The idea that we're running the risk of falling into a lost decade is far from new. While the markets may seem turbulent and crazy, is the current situation really that different from the recent past a handful of months ago? While individuals were once talking about Greece, now those same individuals are talking about Italy. Even if we look at the main headline for tonight's GOP debate, "GOP Debate: Weak Economy Takes Center Stage Tonight"...couldn't we have had the same headline for all the other previous GOP debates? From CNBC.com: "High unemployment, a teetering economy, and Europe on the brink sets a daunting backdrop for Wednesday's debate for a Republican presidential field without a clear leader." Yes, as much as things change, they remain the same. The economy is the issue, but life has to go on and money has to keep on moving despite global challenges.
In that light, I have to say that I strongly agree with Jim Cramer's analysis and commentary of the current market. Not merely because Jim Cramer is one of my personal heroes, but because I think he is correct. There does appear to be rampant irrationality. But tucked behind the perceived madness in the markets, there are yet glimpses of reality shining through. If we peer through the clouds of government intervention, massive hedge fund bets, high taxes, lackluster consumer confidence, political uncertainty, and various other market distortions, we should be able to see the true market at work. Individuals seeking to maintain and grow their wealth may want to rush towards safe havens and solid investments like arable land and precious metals.
In this way, Cramer's recent sentiments remind me of economist John Maynard Keynes idea of "animal spirits", i.e. emotions that affect human economic behavior. Keynes: "Most, probably, of our decisions to do something positive, the full consequences of which will be drawn out over many days to come, can only be taken as the result of animal spirits -- a spontaneous urge to action rather than inaction, and not as the outcome of a weighted average of quantitative benefits multiplied by quantitative probabilities."
In other words, individuals move the market by virtue of Keynesian animal spirits and not by reason. Perhaps some of these animal spirits are to blame for perceived irrationality in the current global environment. The Economist notes that for Keynes, "animal spirits are a particular sort of confidence, 'naive optimism'", but could these animal spirits have a dark side as well -- a dark, pessimistic side that is at work in the markets today? As Keynes suggested, perhaps only time will tell what will become of the world's economic decisions of today. Perhaps after all the smoke has settled from the perceived rampant irrationality of today, rationality, clear market dynamics, and financial prowess in the global markets will manifest themselves.
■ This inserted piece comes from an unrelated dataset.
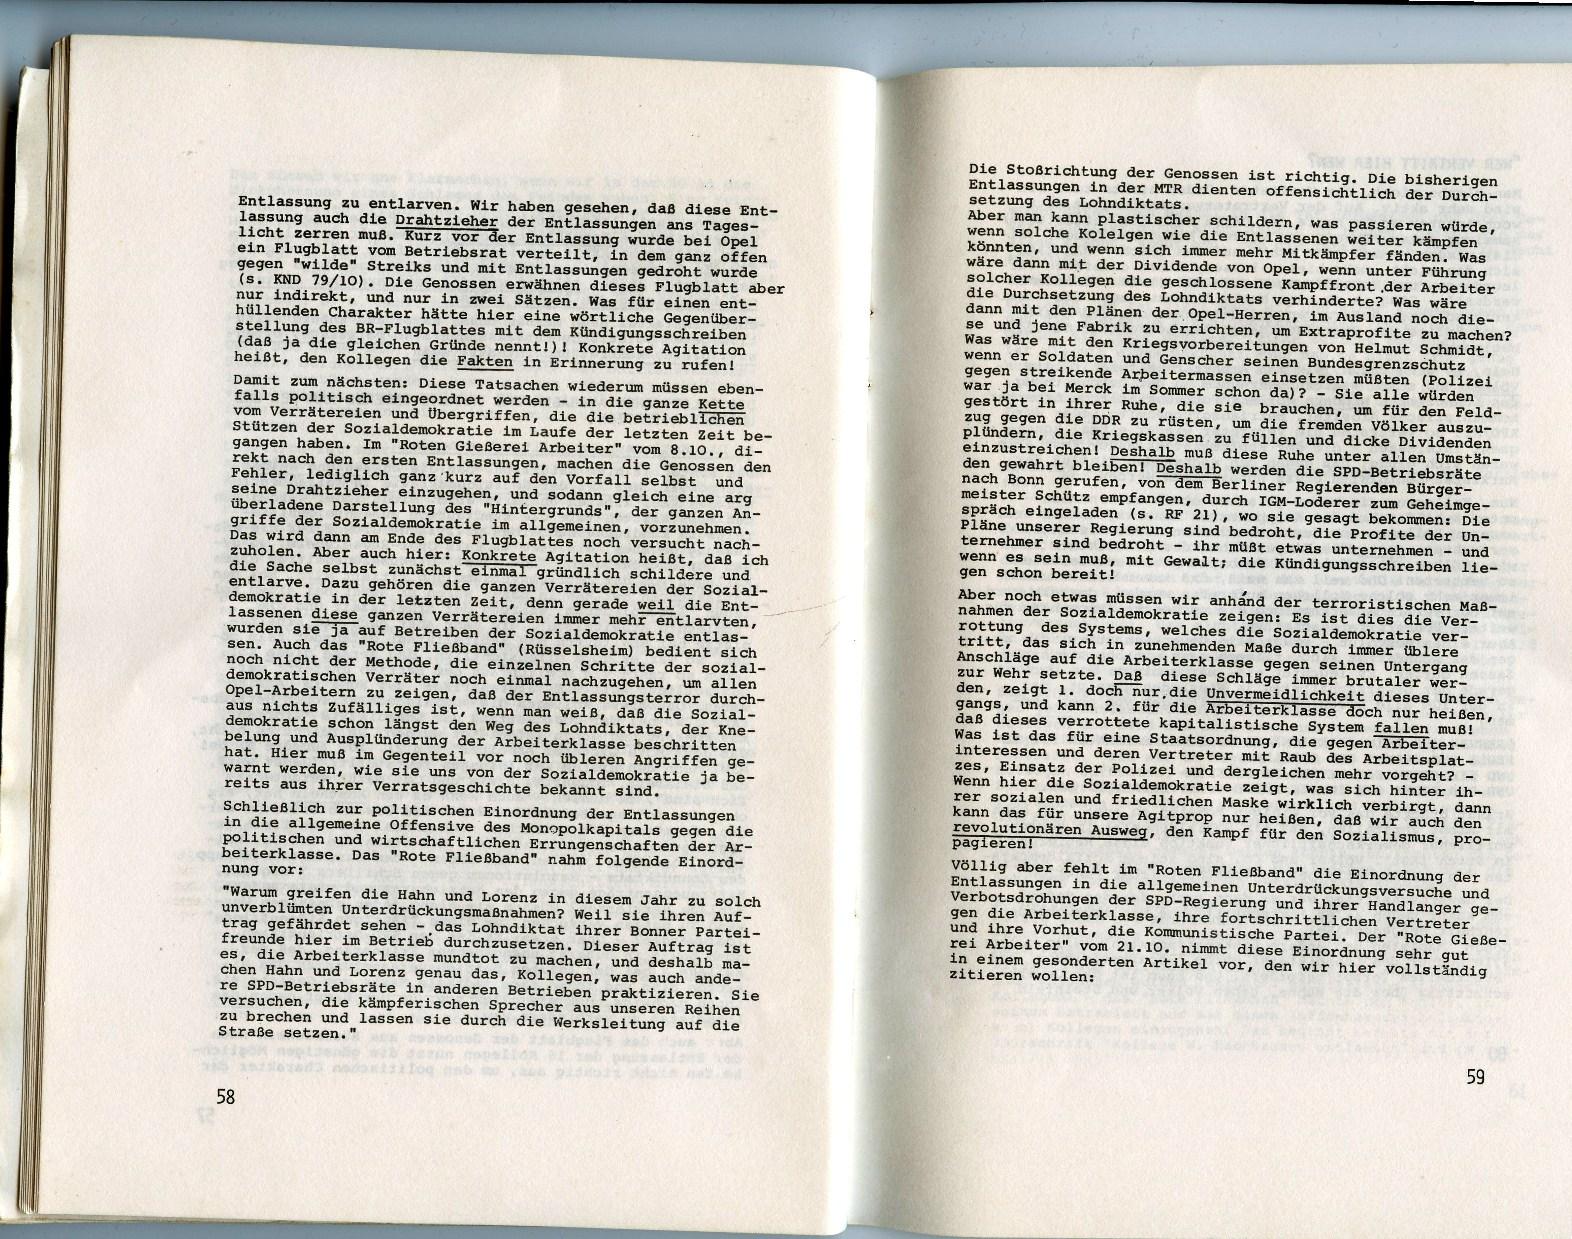 ZB_Parteiarbeiter_1971_09_30

As economist Tim Harford discussed in the book "The Logic of Life", perhaps rationality can manifest itself in what appear to be the most irrational of circumstances and the most illogical of behaviors.
Even with rampant irrationality and animal spirits, life goes on and humanity manages to continue -- and with humanity, economic behavior. Whether that human economic behavior is rational or irrational may ultimately be a matter of perspective.